Step 2: Extracting Time Components
We extract the month and year from the window_start timestamp, creating separate columns for easier grouping and sorting using DeltaStream Temporal Functions:
MONTH(window_start) AS MONTH, YEAR(window_start) AS YEAR,
Step 3: Ranking Records with Window Functions
The heart of this query uses the ROW_NUMBER() window function to assign a rank to each patient's heart rate within its month-year group:
ROW_NUMBER() OVER ( PARTITION BY YEAR(window_start), MONTH(window_start) ORDER BY avg_hr DESC ROWS BETWEEN UNBOUNDED PRECEDING AND CURRENT ROW ) AS rank
This function:
- PARTITION BY divides the data into month-year segments
- ORDER BY avg_hr DESC ranks records with highest heart rates first
- The window frame specification ensures proper calculation across the partition
Step 4: Filtering for Valid Time Windows
We only include records where the start and end timestamps fall within the same calendar month and year. Our sample data is all in 2024, but this takes into account crossing the year boundary:
WHERE MONTH(window_start) = MONTH(window_end) AND YEAR(window_start) = YEAR(window_end)

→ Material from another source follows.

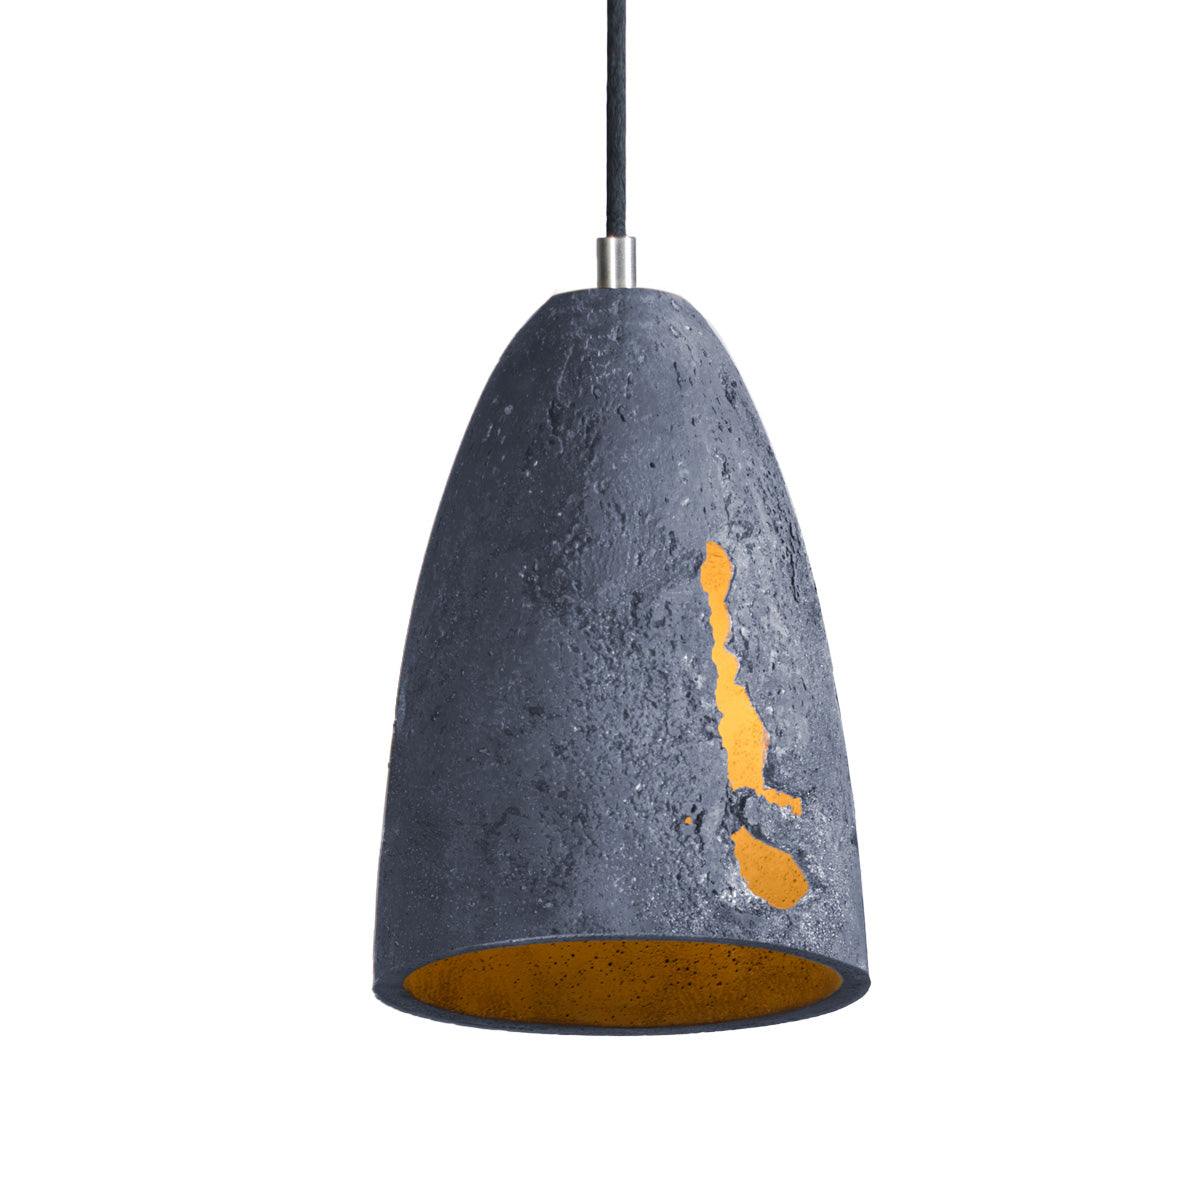 Febe Volcano is a lamp with a very harsh appearance. It will fit into every loft or industrial room, giving it a cozy glow. The scratch effect gives a factory accent. Made of concrete manually, which means that each copy is unique and there may be small differences in the invoice and color. At the top there is a steel handle that distinguishes this lighting.

Step 5: Selecting the Top 3 Per Month
Finally, the main query filters the ranked results only to include the top 3 entries per month and orders them chronologically:
SELECT patientId, avg_hr, window_start, MONTH, YEAR FROM ranked_heart_rates WHERE rank <= 3 ORDER BY YEAR, MONTH, rank;
Processing Medical Device Data
We just walked through a scenario for processing medical device data coming in via a Kafka topic by consolidating average hourly data per patient and writing it to Iceberg. We then immediately queried the data in Iceberg from DeltaStream to find patients with the highest average heart rate per month. A visualization tool could be used on that same Iceberg data, further taking advantage of open table formats. Notably, we performed a “shift-left” with our processing. We were able to aggregate data in flight. Then we landed that data in Iceberg, thus reducing latency and additional storage and compute costs, seamlessly preparing the data for usage in a single place.